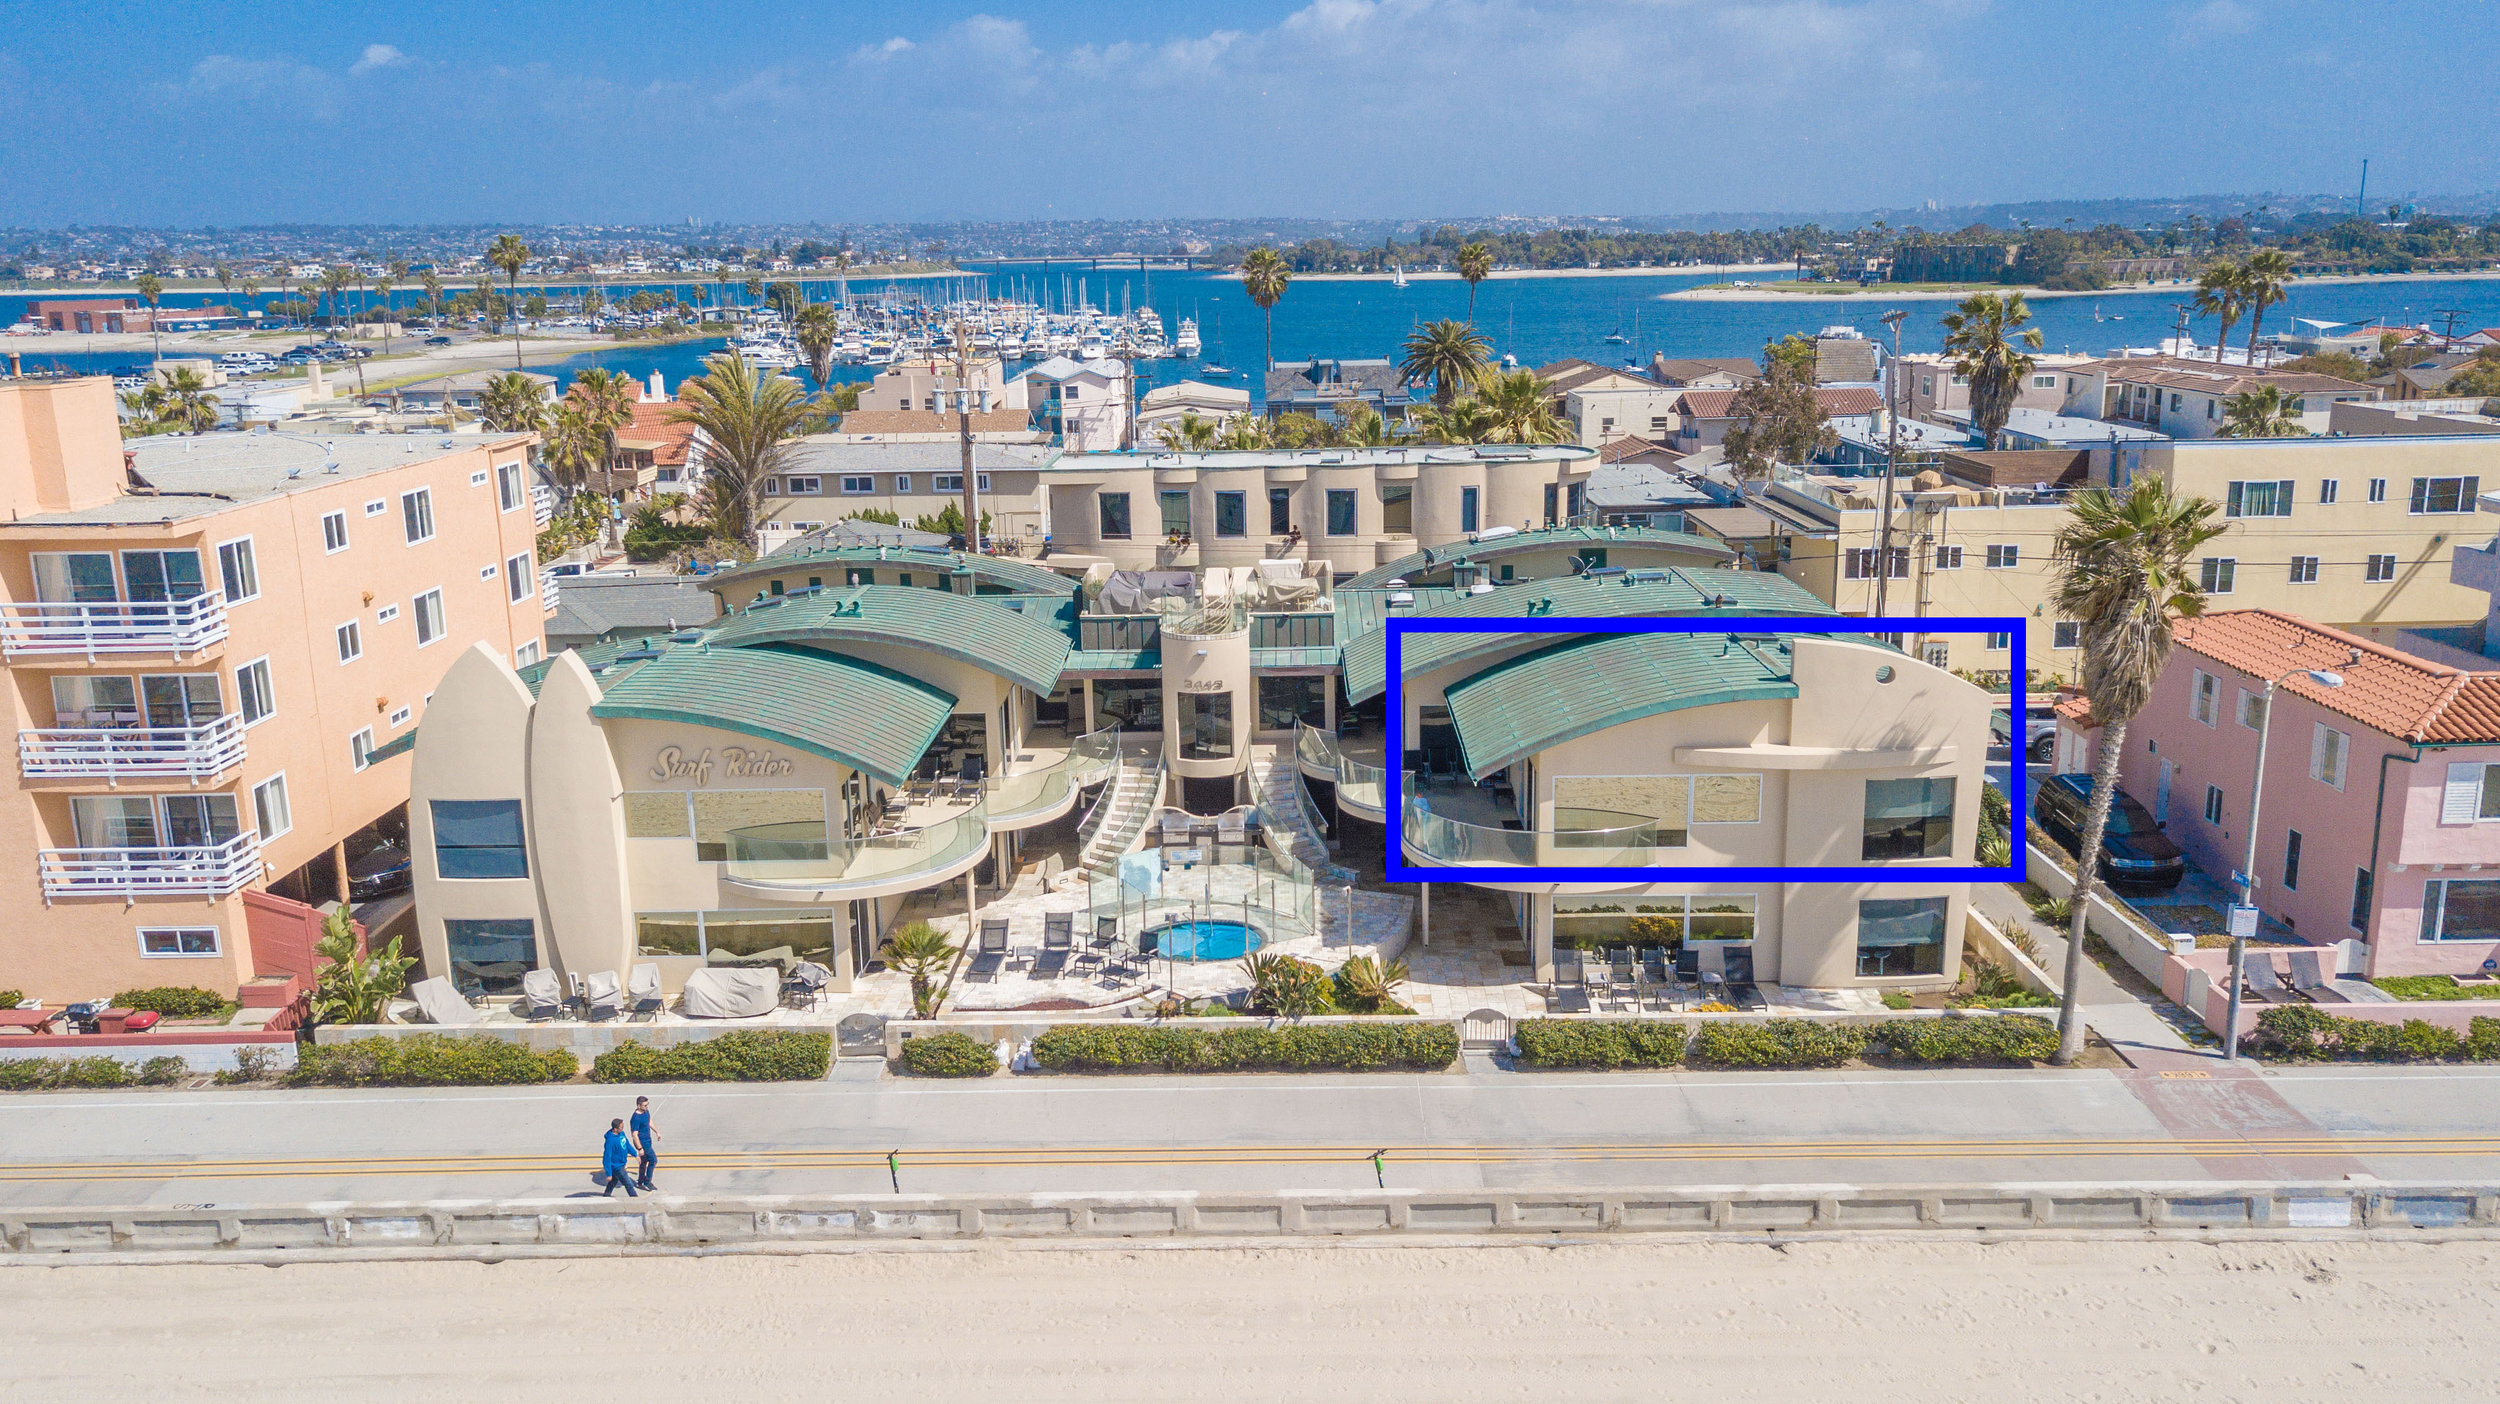 3443 Ocean Front Walk | Mission Beach | $1,350,000
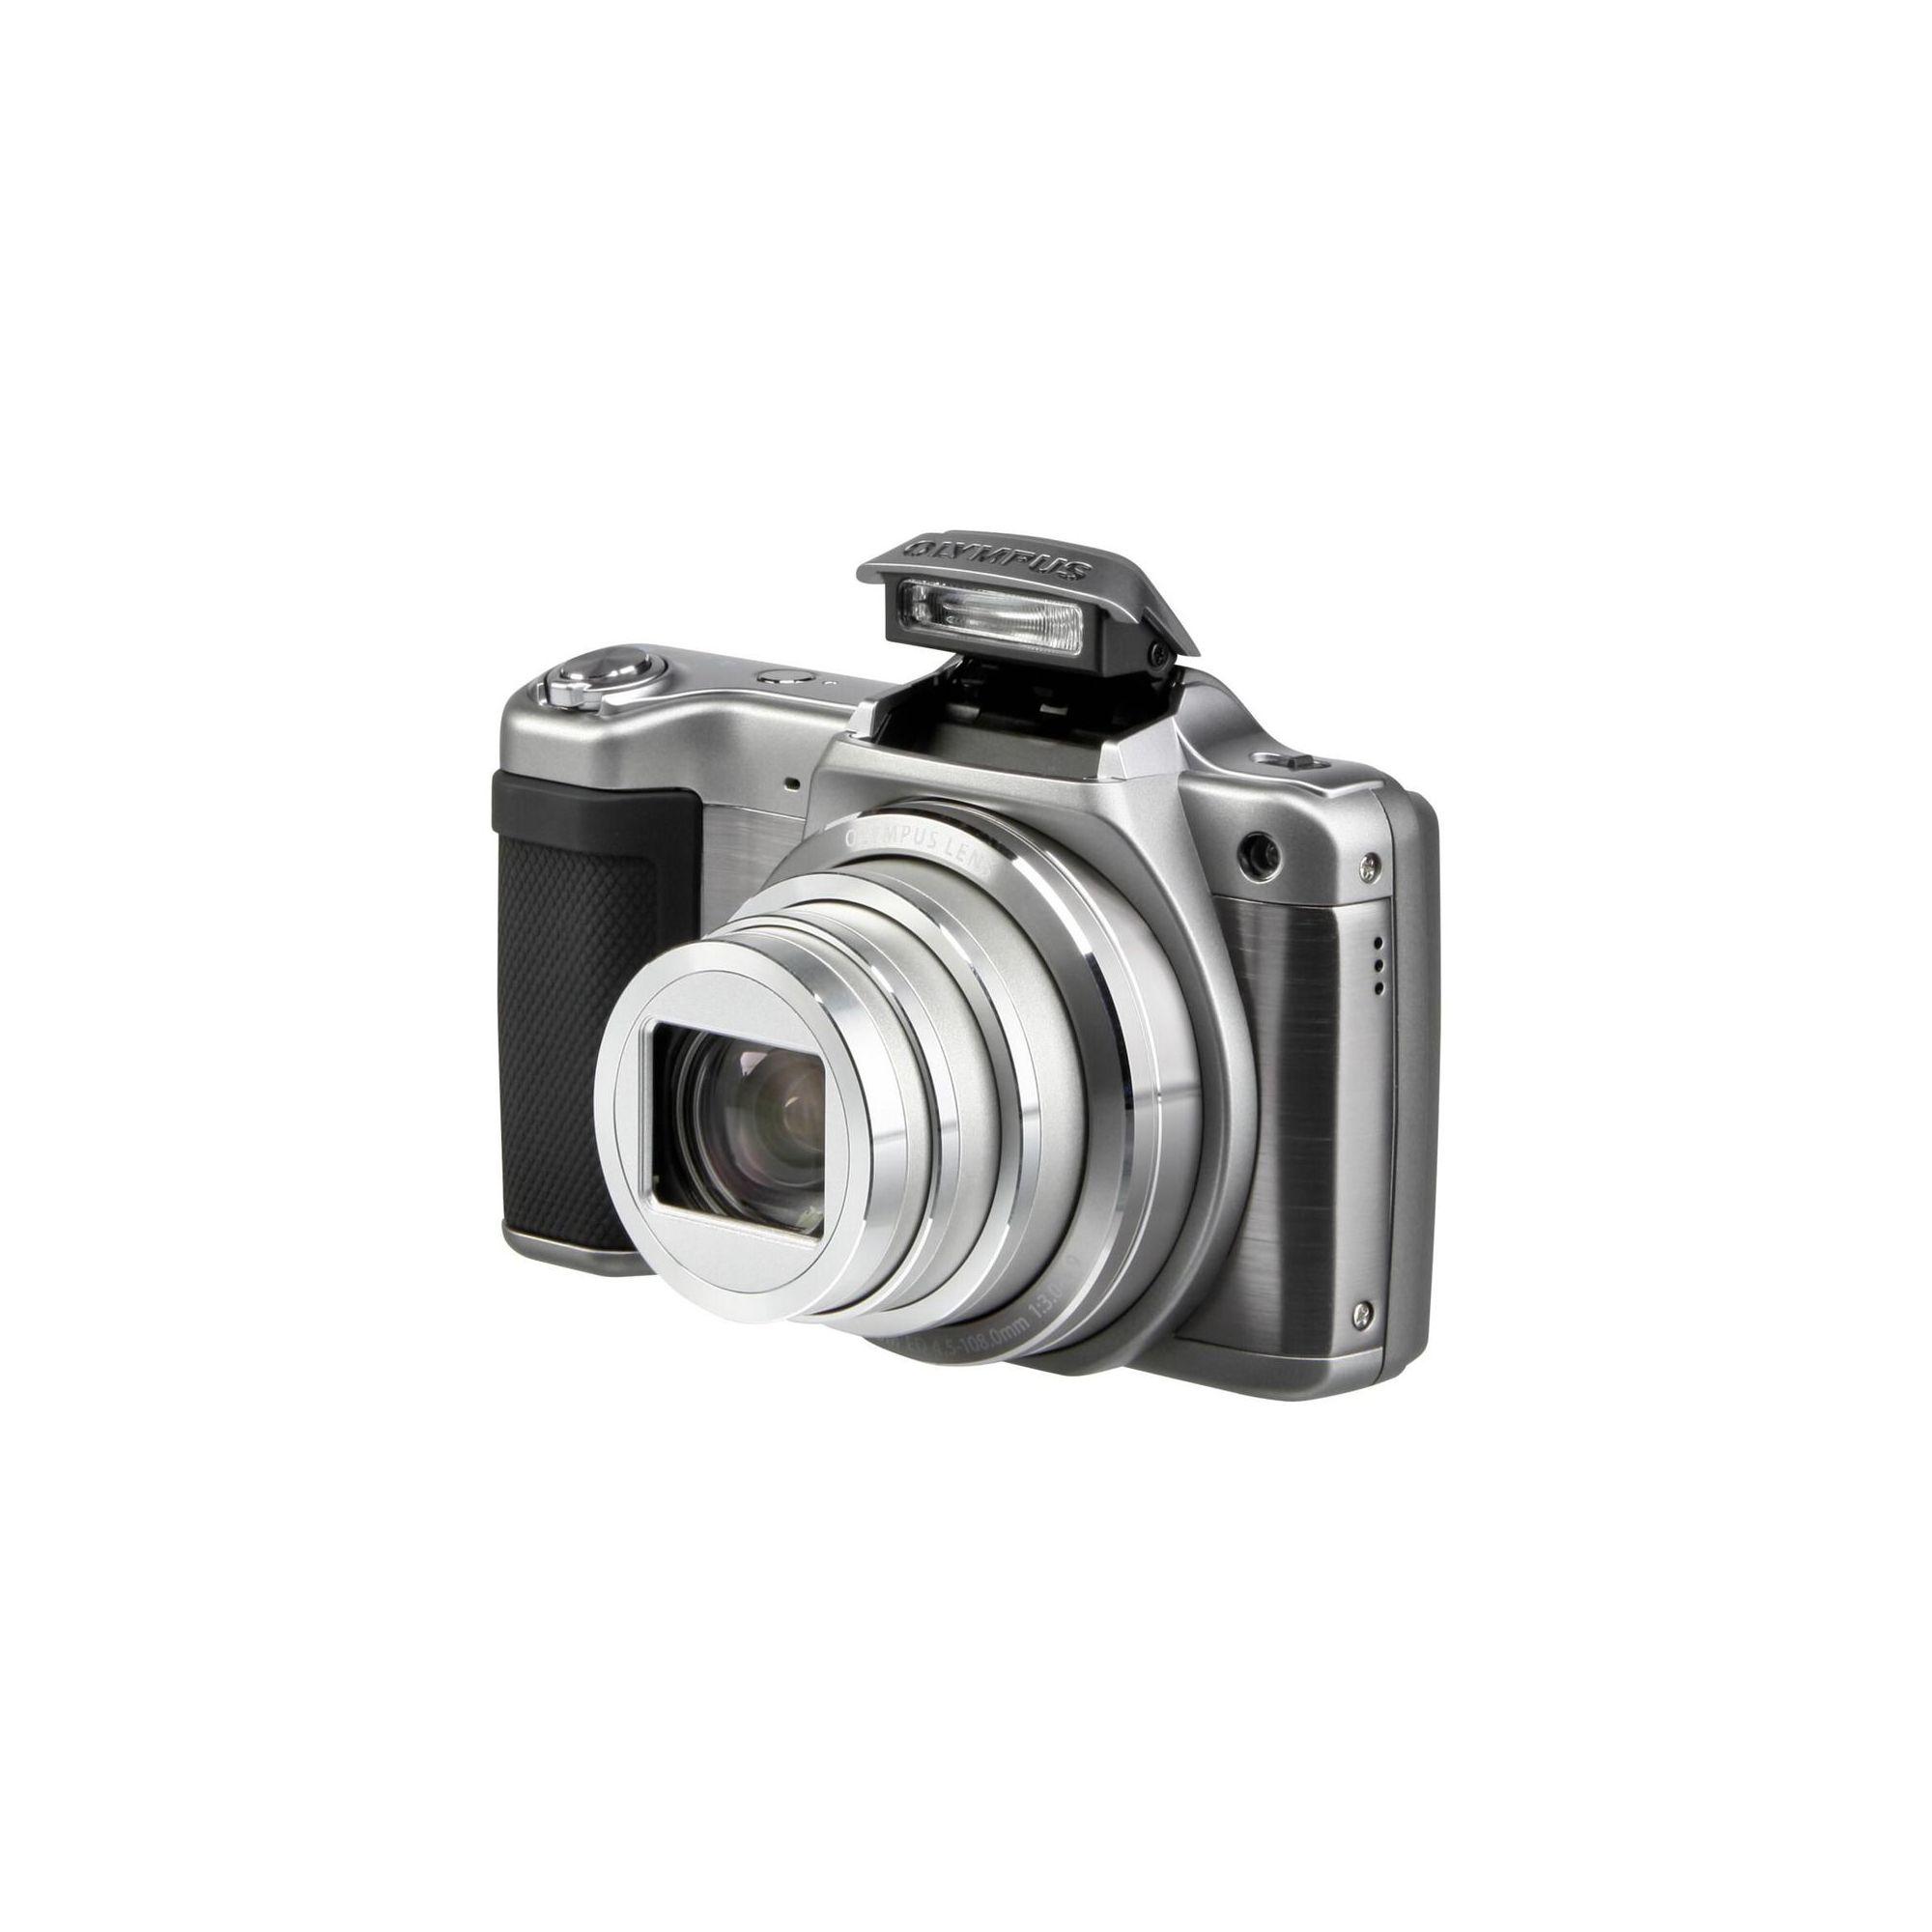 Olympus SZ-15 Compact Digital Camera in Silver
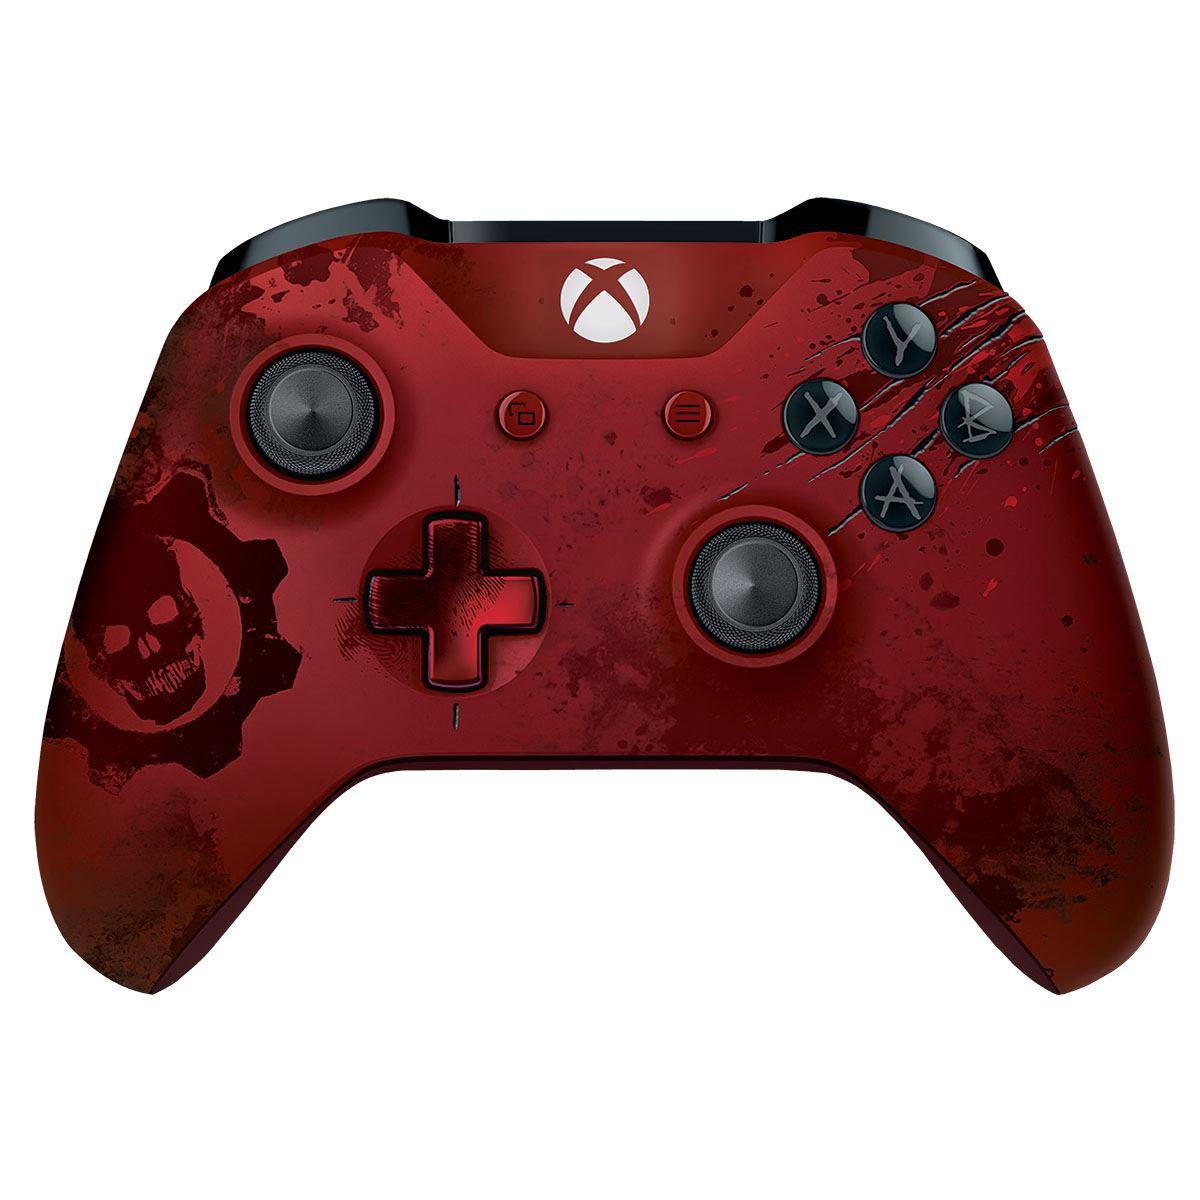 Claro Shop: Xbox One - Control Crimson GOW4 ó Control Negro con Play and charge

# # # #

Make an exact copy of the data, leaving its pictures out.

> **Answer to this task**:
 3443 Ocean Front Walk | Mission Beach | $1,350,000
 Olympus SZ-15 Compact Digital Camera in Silver
 Claro Shop: Xbox One - Control Crimson GOW4 ó Control Negro con Play and charge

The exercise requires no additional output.